Looking Forward: API, Community, and Open Innovation
[54:56–56:53 & 65:10–66:09]
- Focus is shifting to API-first, inviting developers and companies to innovate on voice understanding use cases.
- Modulate plans to enable access to their models with free credits and open channels for new partnerships and hackathon collaborations.
“If you’re listening to this and you’re interested to try them out, come follow us, come message us and let us know what you want to build... We’d love to let you in and see what you build.” — Carter Huffman [65:36]
Notable Quotes & Moments
- “Lie detection is absolutely a component of what we’re able to do from the voice signal and from the context and how folks behave in a conversation. Even the best trained humans aren’t perfectly accurate. Technology will never be 100% accurate at everything.” — Carter Huffman [52:10]
- “Our recent transformation has been let’s give those best models on the planet to everybody through this API access. So that’s completely new for us. As of like last week, that’s where our big focus is.” — Carter Huffman [54:56]
- “If I sound neutral, that’s a deviation from the norm and that’s important for you to know about. So we take all of those different signals and we’re trying to get you the understanding of the conversation, we’re trying to get you the answer.” — Carter Huffman [59:19]
Key Timestamps
- 03:07 – Carter’s background, astrophysics, JPL, move into AI/voice
- 06:12 – Gaming as a proving ground for voice AI safety features
- 12:37 – Ensemble architecture vs. foundation models
- 17:59 – Emotion extraction example: model allocation based on audio quality
- 22:11 – Real-time orchestration and latency minimization
- 24:33 – Scalable processing for millions of audio streams
- 25:51 – Modulate’s pivot from voice skins to anti-toxicity tooling
- 37:30 – ToxMod and product evolution
- 40:08 – Transition to API/model-as-a-service
- 46:14 – Privacy/consent complexities with voice “fingerprinting”

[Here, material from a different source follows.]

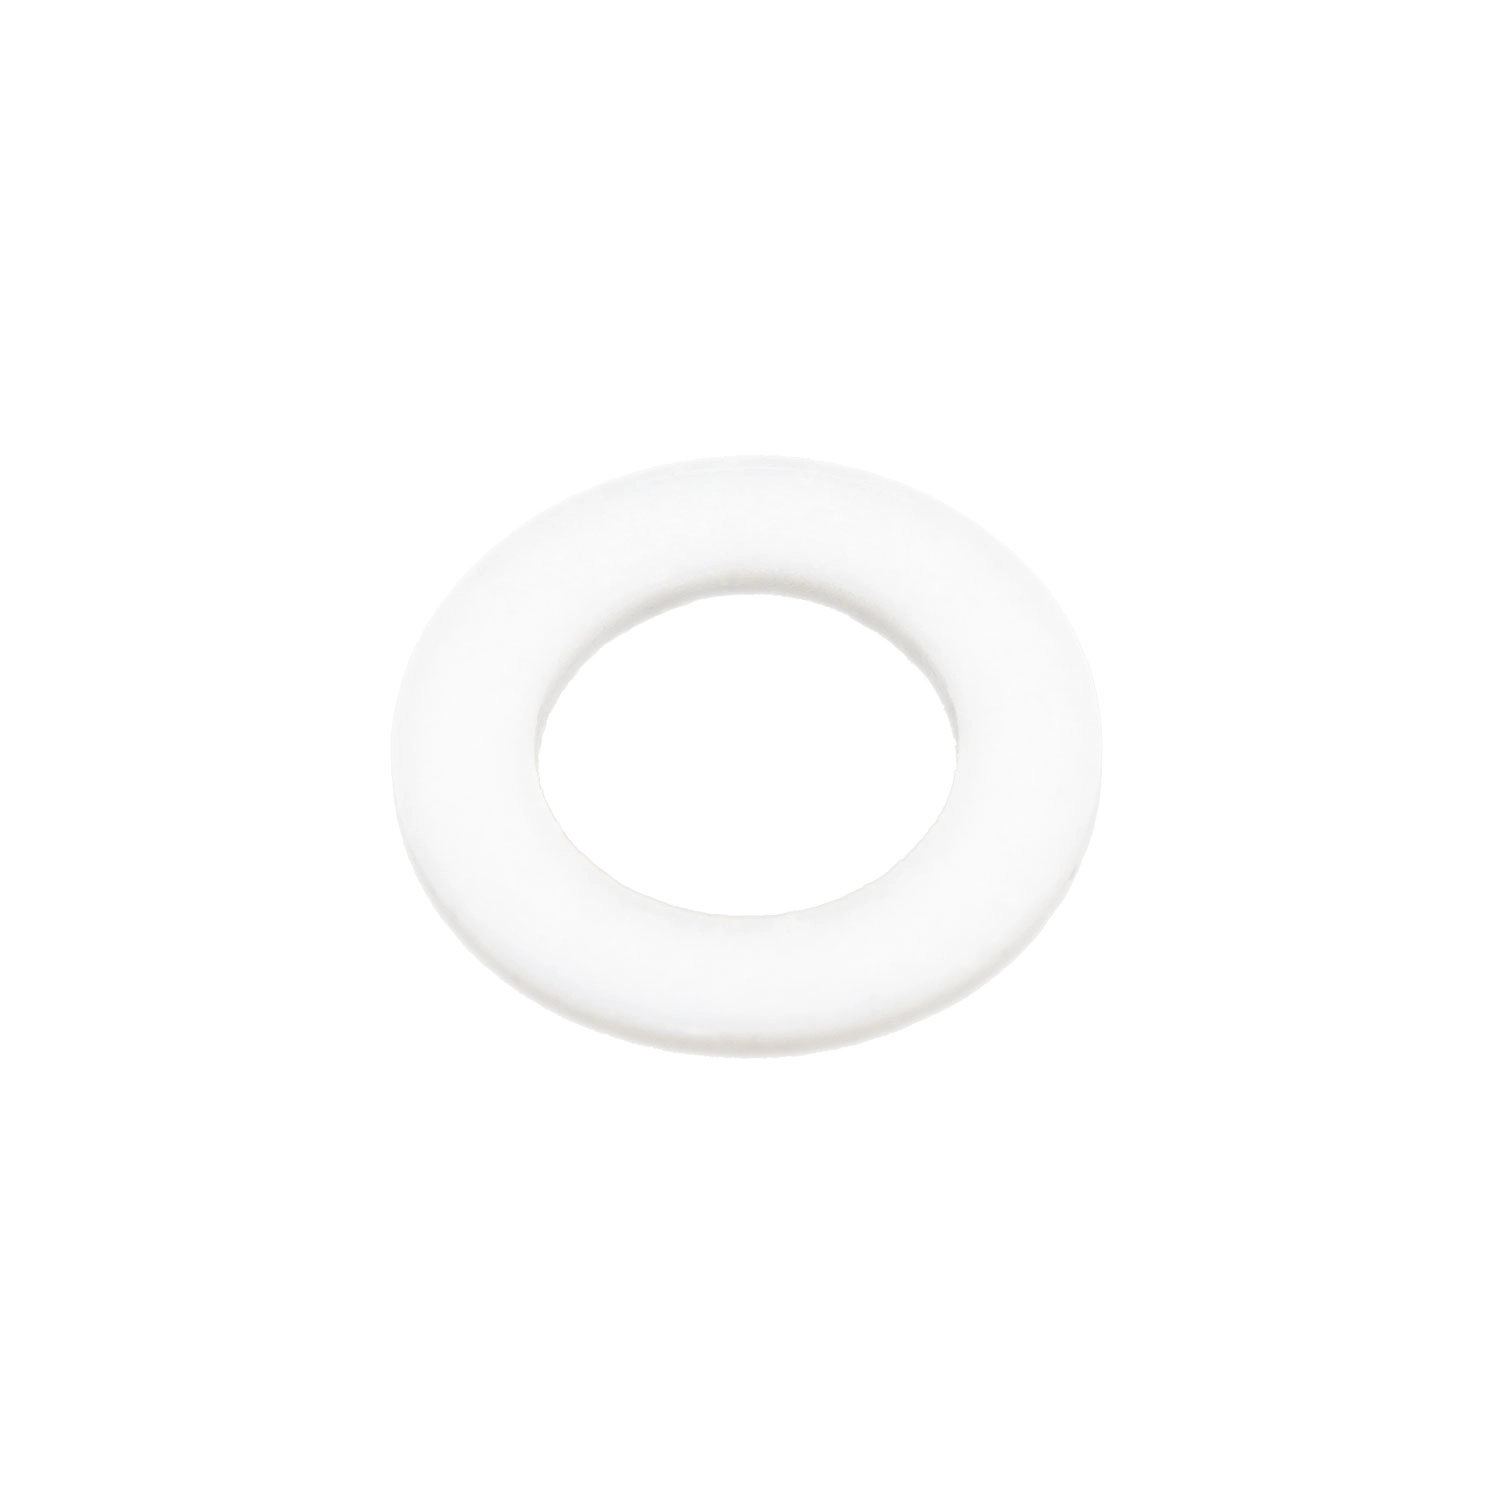 Washer / Unterlegscheibe 9 x 15 x 1mm - Weiß im günstigen Beutel » Inhalt  pro Beutel: 50 Stück

- 52:10 – Lie detection and nuances of context
- 58:52 – Fusing content and delivery for richer analysis
- 62:26 – Language, accent, and dialect coverage
- 64:02 – Synthesis ambitions and current product focus
- 65:36 – Invitation to try the Modulate API
How to Learn More / Get Involved
- Website: modulate.ai
- LinkedIn: Modulate page and Carter Huffman’s profile
- X (Twitter): @ModulateAI
- Free credits and early API access available—contact Modulate to participate or share ideas.
This episode provides an in-depth exploration of the current and future state of real-time voice AI and its broader implications, mixing technical detail with humane, ethical reflection. Modulate emerges as a leader shifting the paradigm from transcription to understanding, opening new frontiers for voice technology worldwide.